[AVAILABLE DATA]
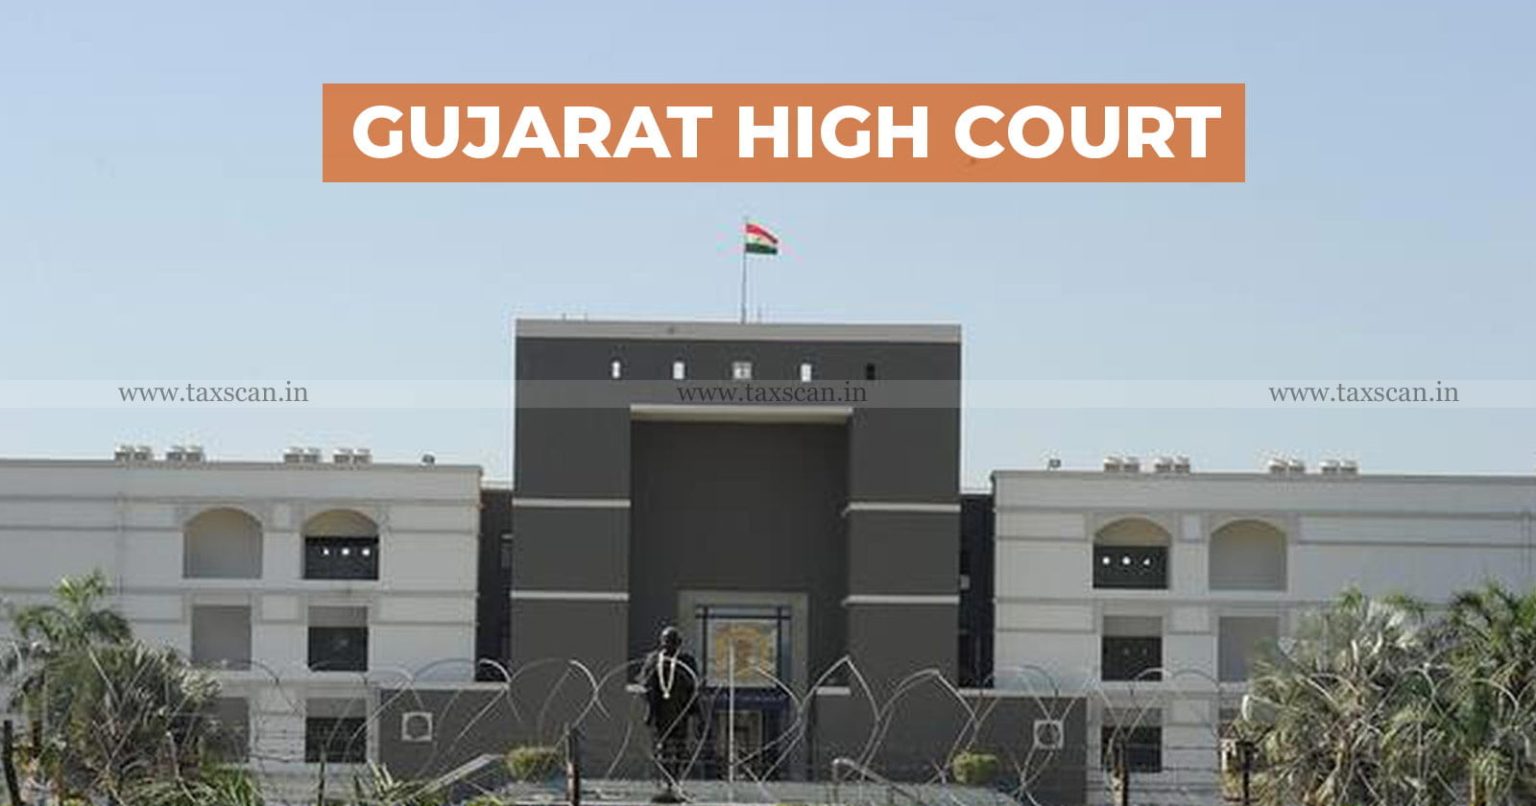 Collection of Tax - Gujarat High Court - Motor Vehicles Act - Motor Vehicles - Tax - Tax news - taxscan
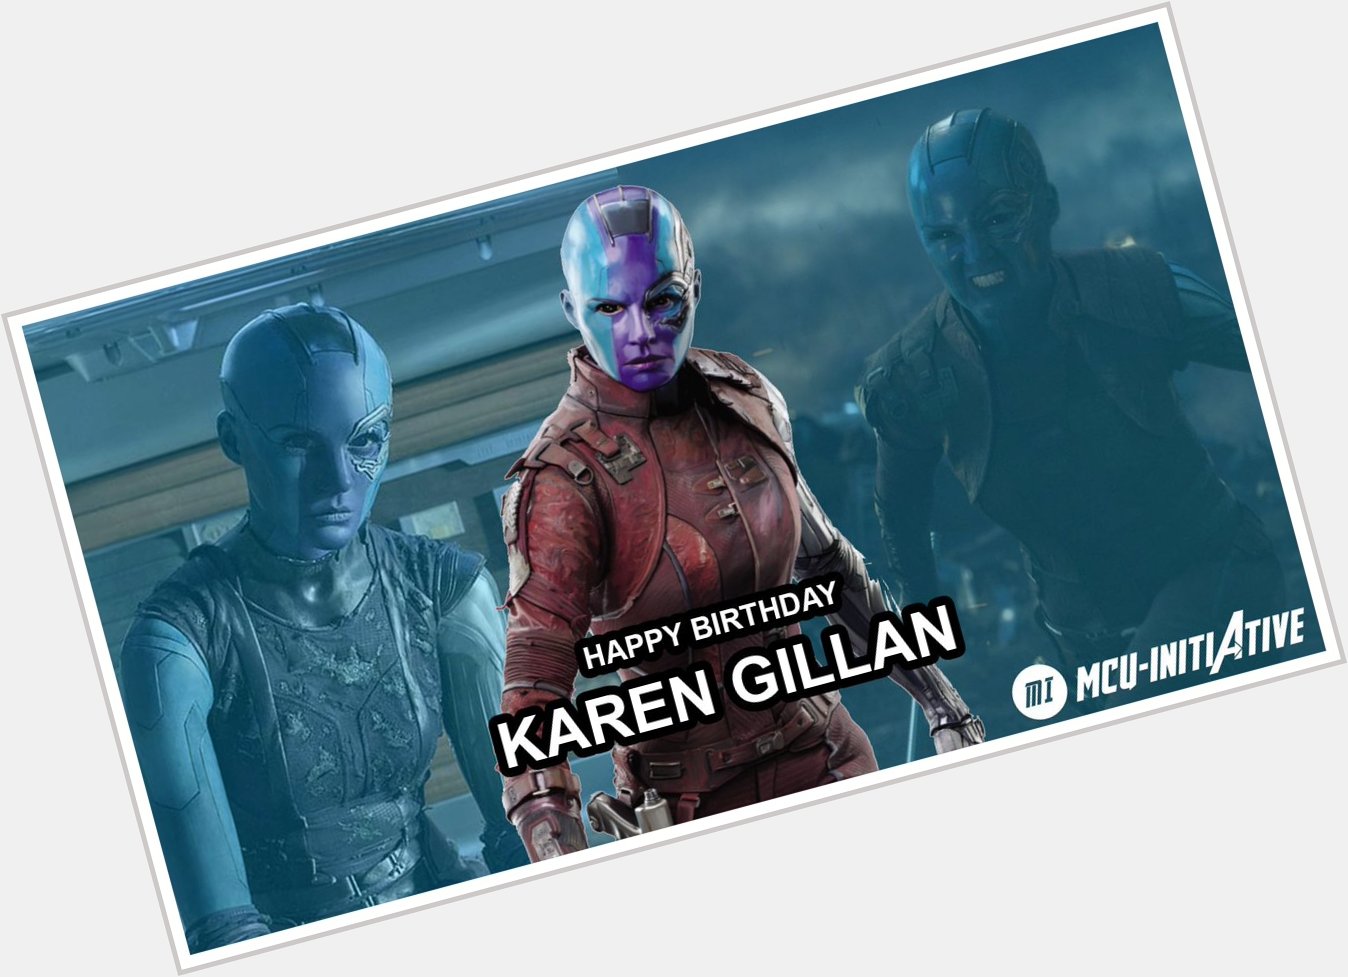 Happy Birthday to Karen Gillan from all at MCU-INITIATIVE.     
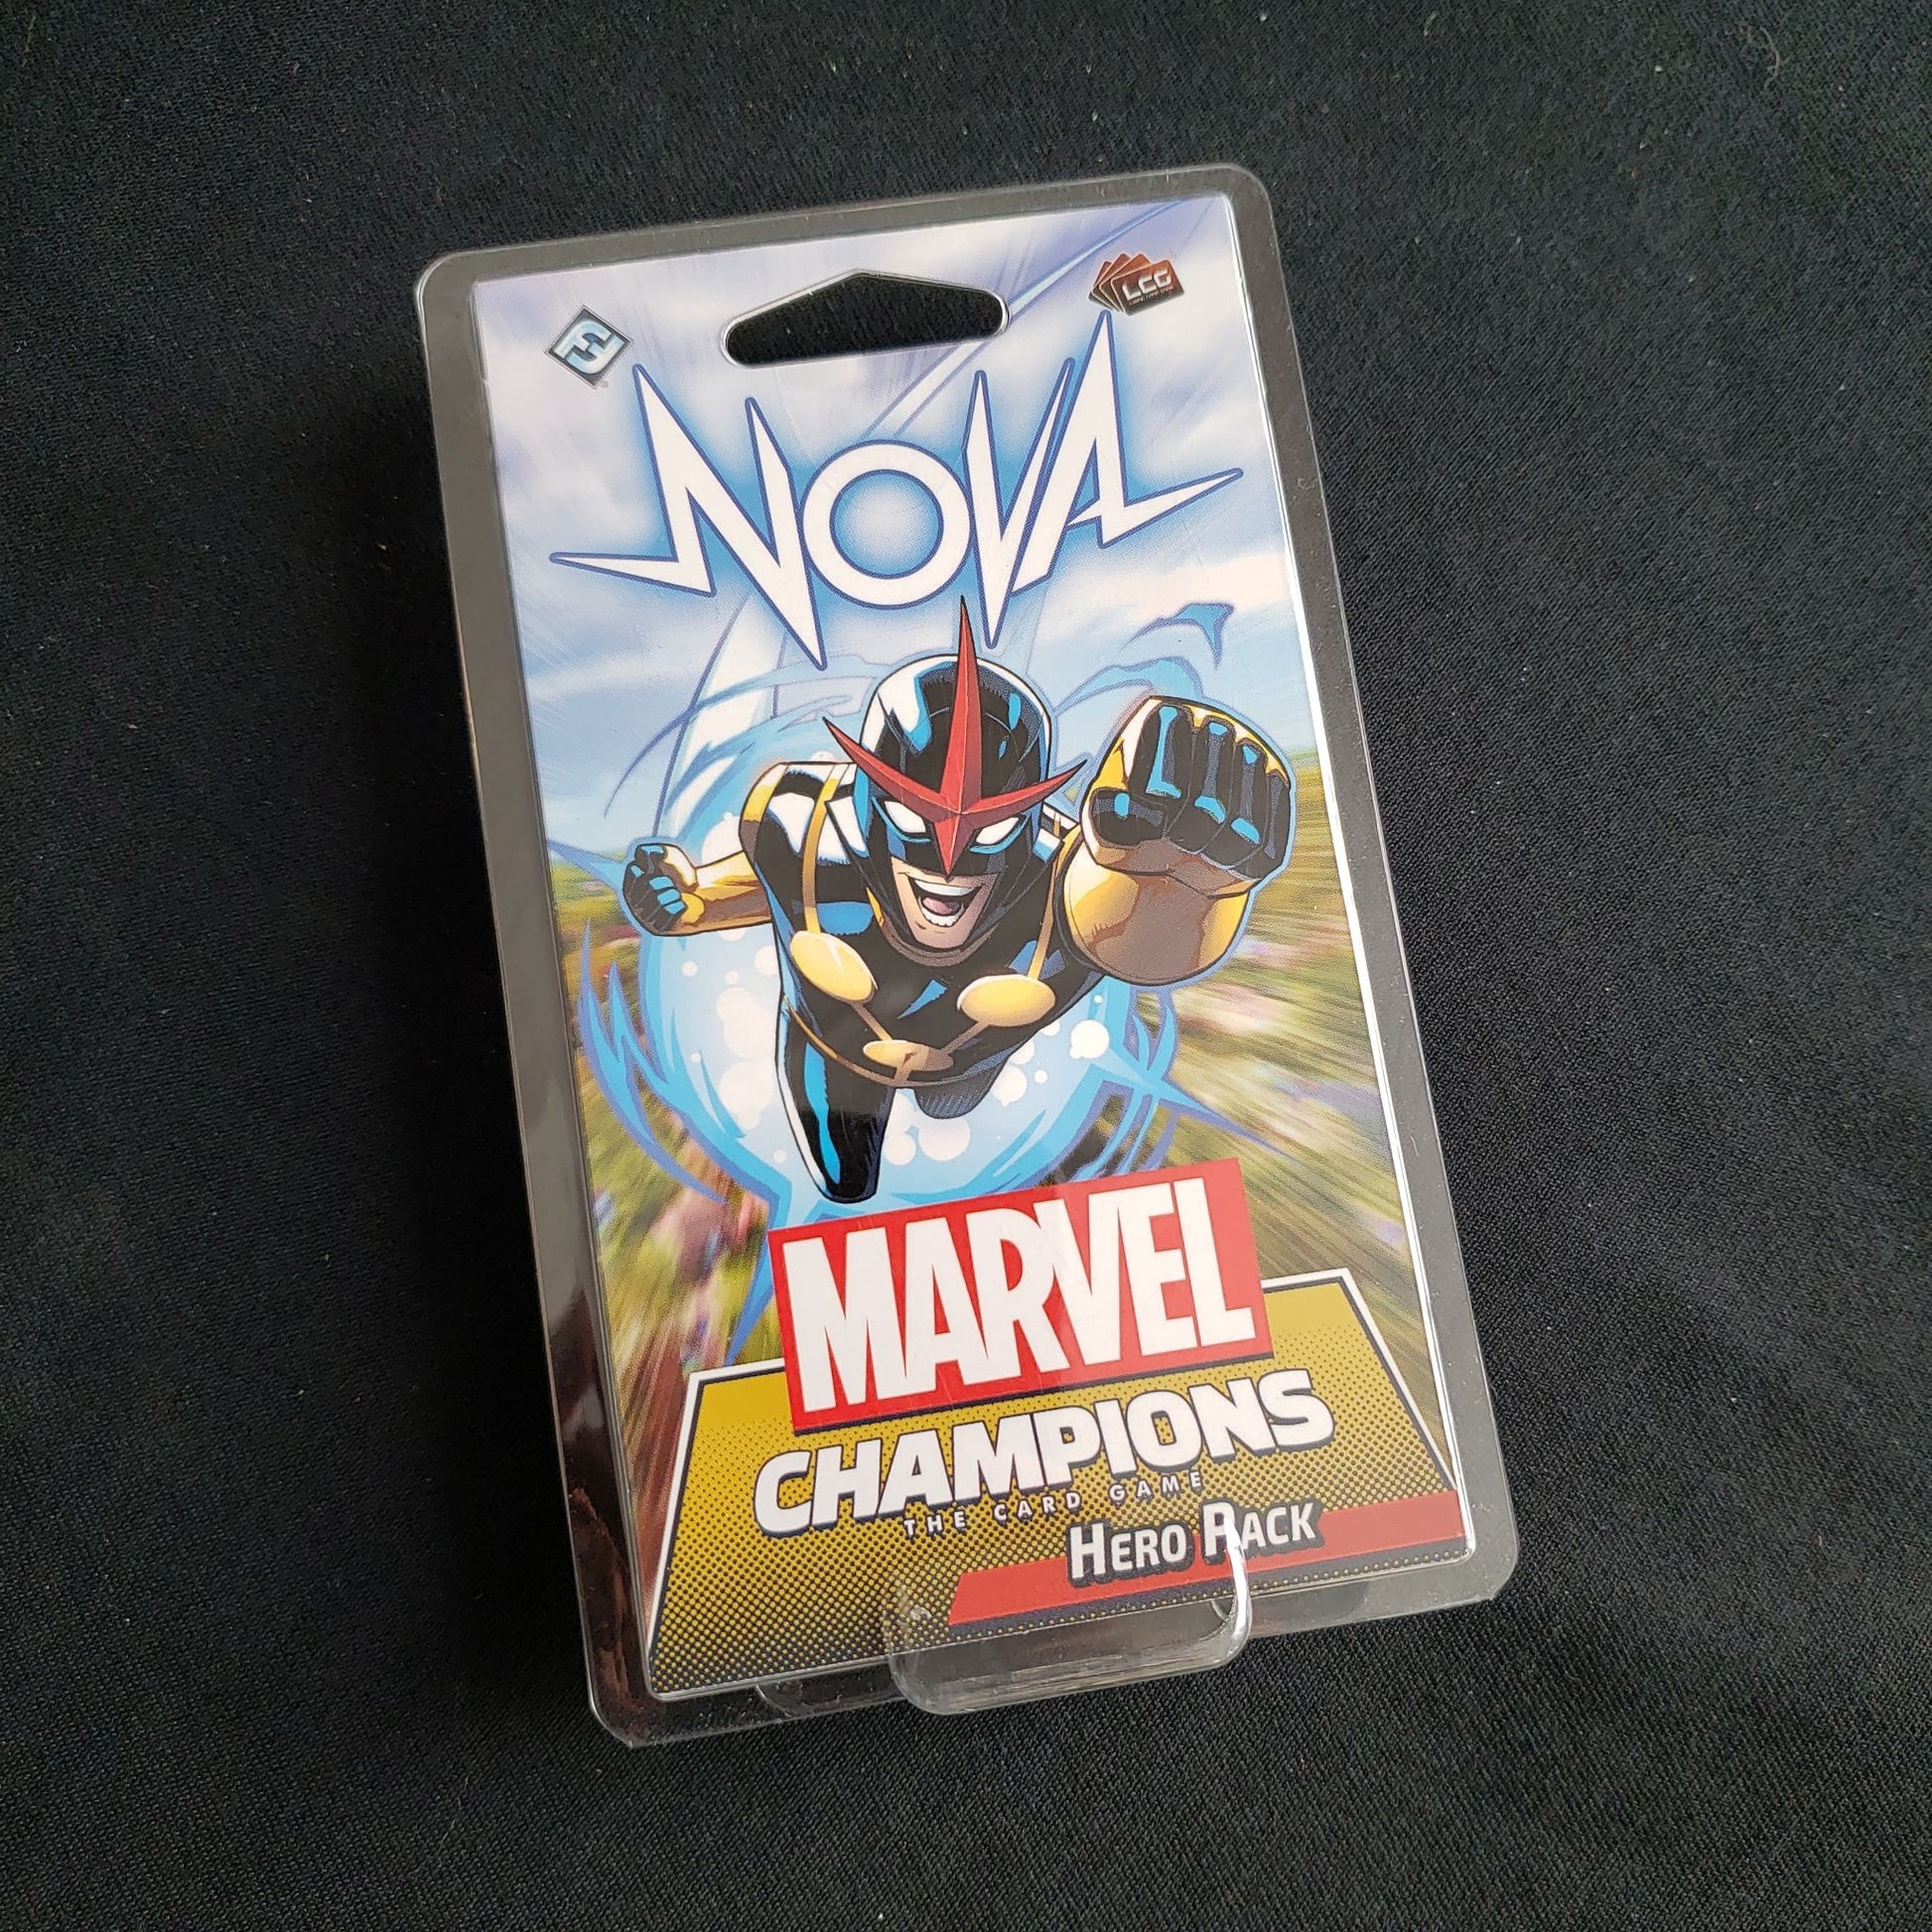 Image shows the front of the package for the Nova Hero Pack for the Marvel Champions card game

[TO DO]
Write out exactly the opening lines of the data, stopping after the line that holds "Happy Birthday to". Exclude pictures.

[ANSWER AREA]
 Collection of Tax - Gujarat High Court - Motor Vehicles Act - Motor Vehicles - Tax - Tax news - taxscan
 Happy Birthday to Karen Gillan from all at MCU-INITIATIVE.     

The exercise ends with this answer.